In fact, it might be said, that in all the stories of healing by Jesus, that is exactly what he is up to: the restoration or extension of relationship in community. We will see this played out time and again in the lessons for the coming Sundays of Lent: next week, in the woman at the well; then in the man born blind; followed by the raising of Lazarus. In short, this is a time not to back away from community and relationship, but to embrace it as the only place in which we human beings will ultimately find God’s Spirit at work among us.
I was struck, reading this week’s obituary in The Economist, by the shear value of staying in the game, of letting the spirit inhabit our daily life. The obit was for Katherine Goble Johnson, a mathematician for NASA in the 1950s and ’60s, who as an African American—and a woman—and so encountered considerable opposition to her work. In 1953, as a fresh recruit, she faced the difficult task of challenging the accuracy of a senior engineer’s calculations, which she discovered were wrong because he had made an error with a square root. Very carefully, she asked her question. Was it possible, that he could have made a mistake? He did not admit it, but (as the obituary writer described it), “by turning the colour of a cough drop, he ceded the point.”[†]

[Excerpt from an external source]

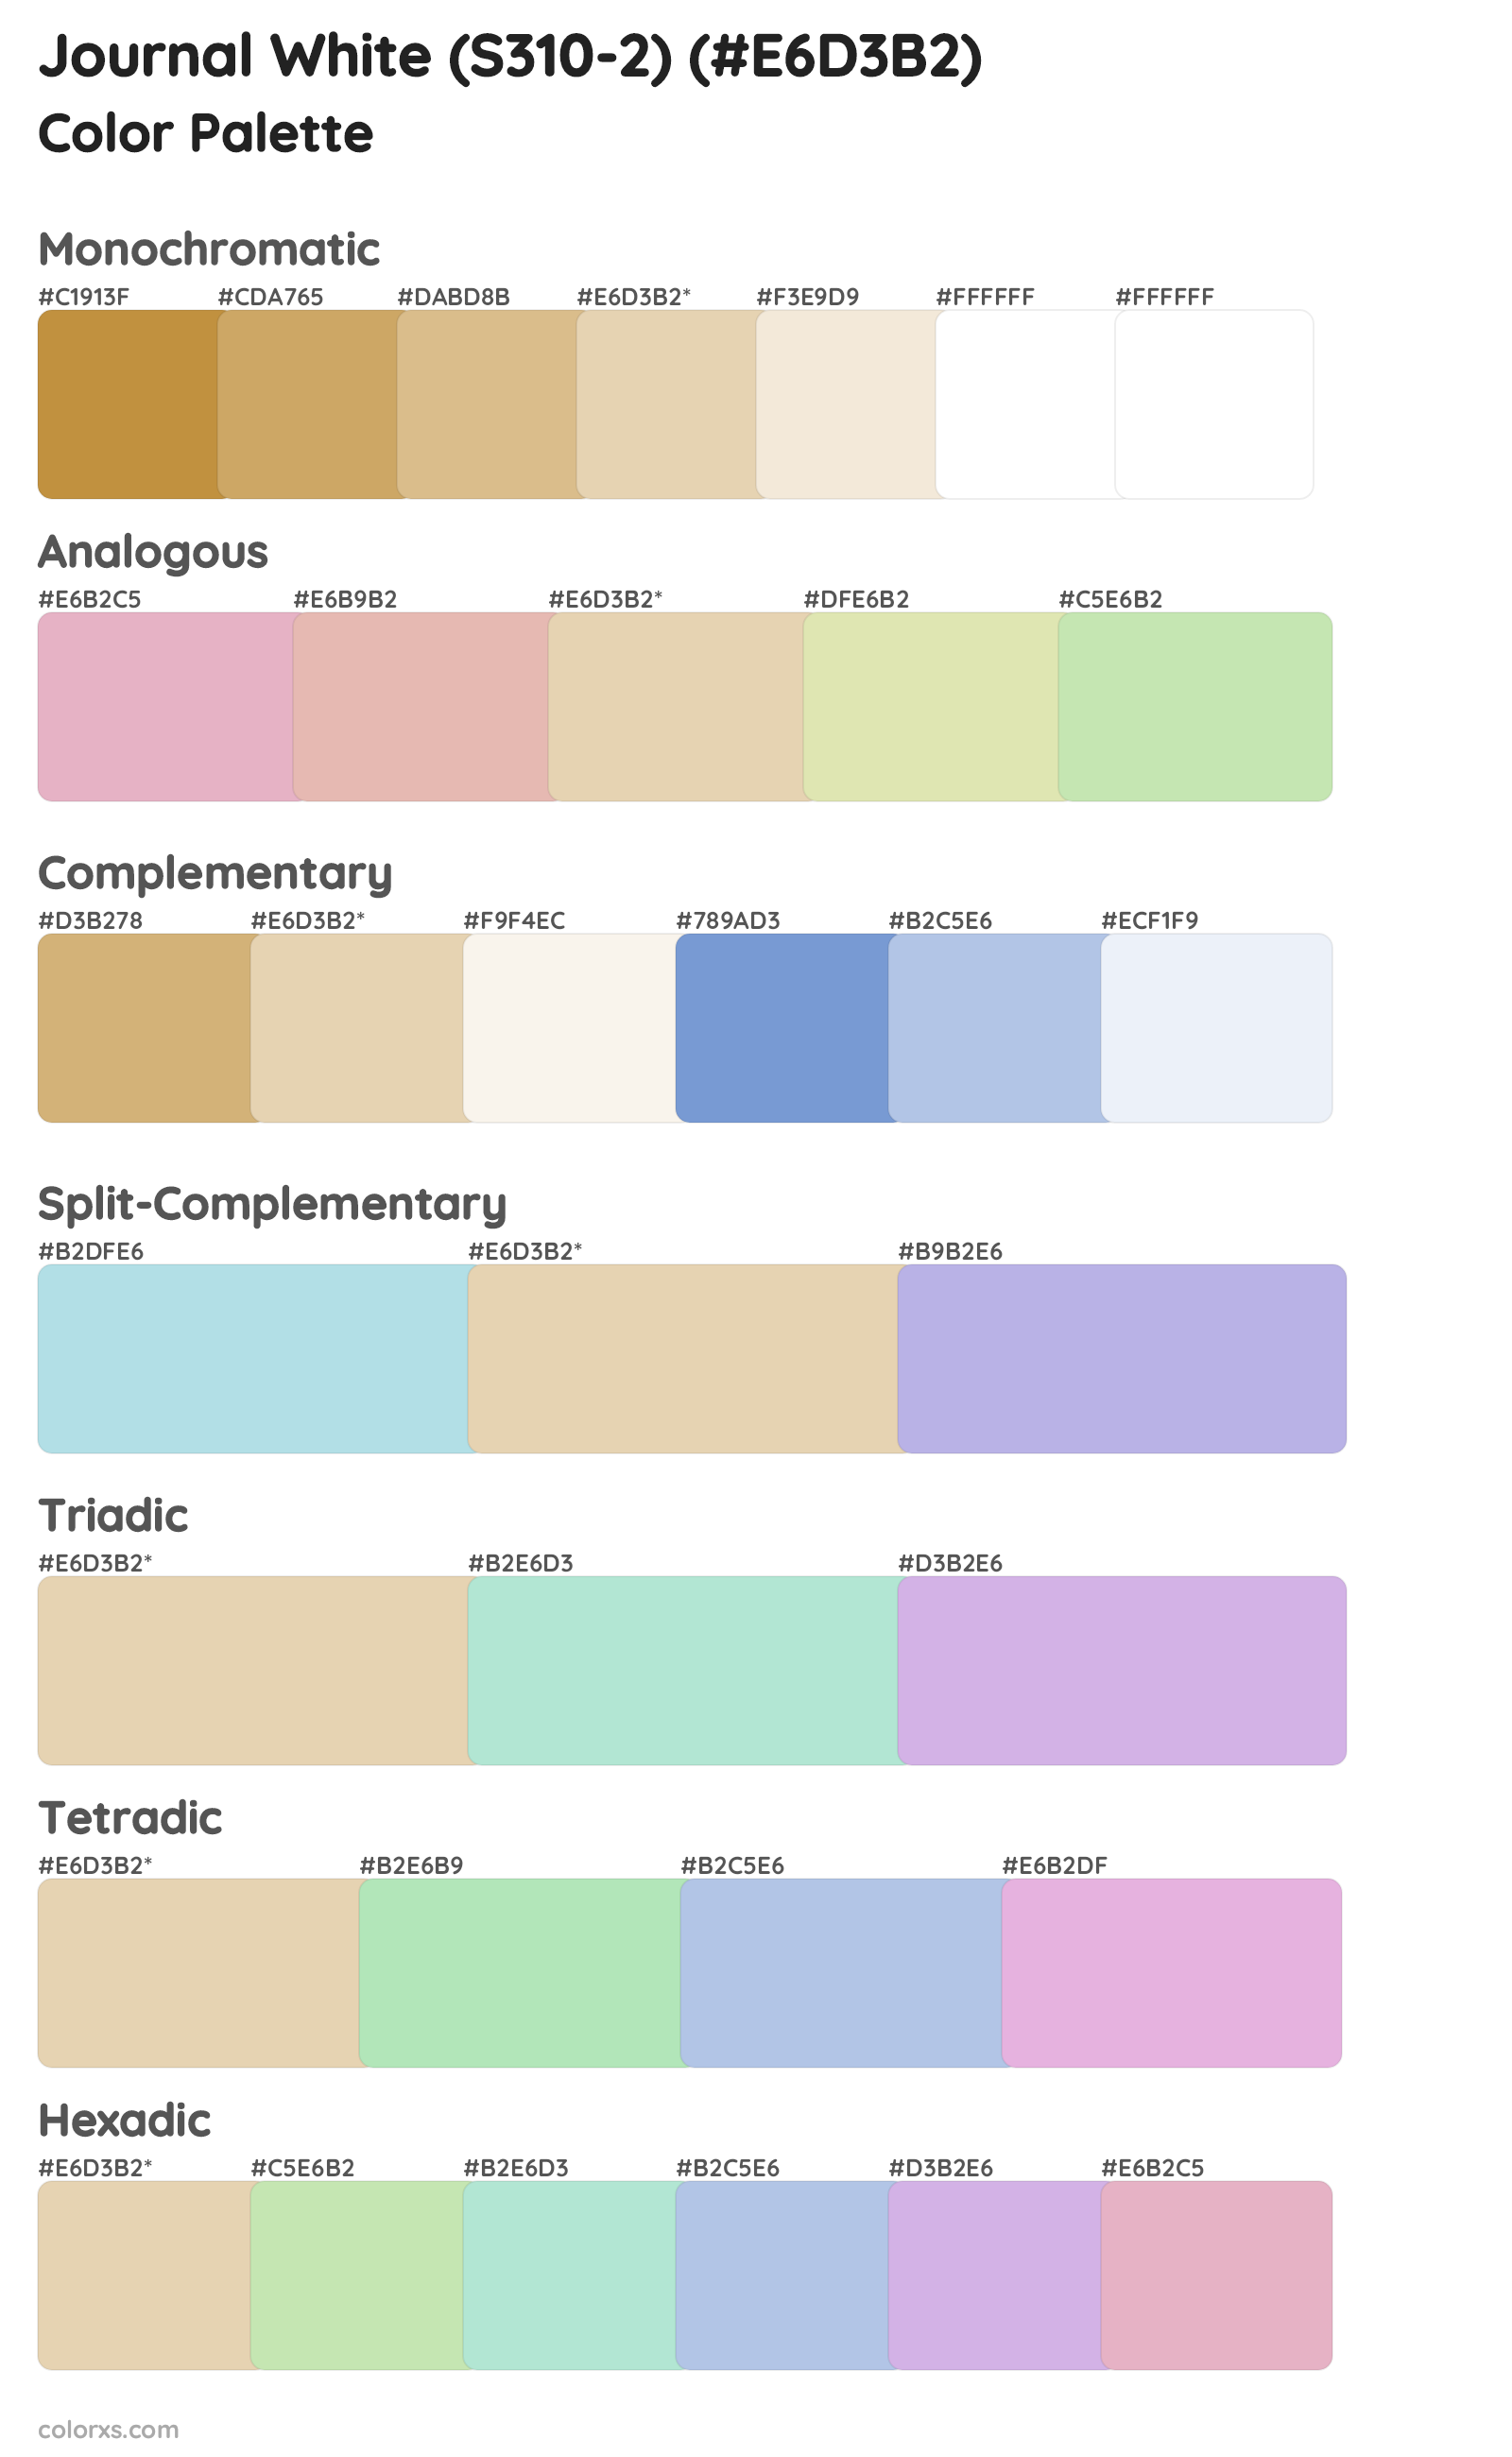 Journal White (S310-2) Color Scheme Palettes

We are all in a time when raising the question, “Have we as a nation made a mistake?”, is hard to do. The numbness we feel from the volume of the negative response is overpowering. Yet we are still met with Jesus’ challenge that we must be born from above, that is, animated with the Spirit that raises us from the mendacity and divisiveness of our day, to a place where we know ourselves to be motivated by a God who draws us toward nothing less than wholeness, healing, health, truth, and reconciliation.
John’s gospel does not tell us what happened to Nicodemus after his encounter with Jesus. He simply vanishes from the narrative—but later we do get a hint of what became of him when he defends Jesus before the Sanhedrin, and then again at the end of the gospel, when he assists Joseph of Arimathea with the burial of Jesus’ body. So evidently he was someone who took to heart Jesus’ teaching that he be born “from above,” and himself became a follower of Jesus through welcoming the habitation of his Spirit. For as Jesus says, that is what it means, to see the kingdom of God. Amen.
[*] Rowan Williams, “Health and Healing,” in Holy Living: The Christian Tradition for Today (2017).
[†] “The Girl Who Asked Questions,” The Economist (February 29th – March 6th, 2020), 74.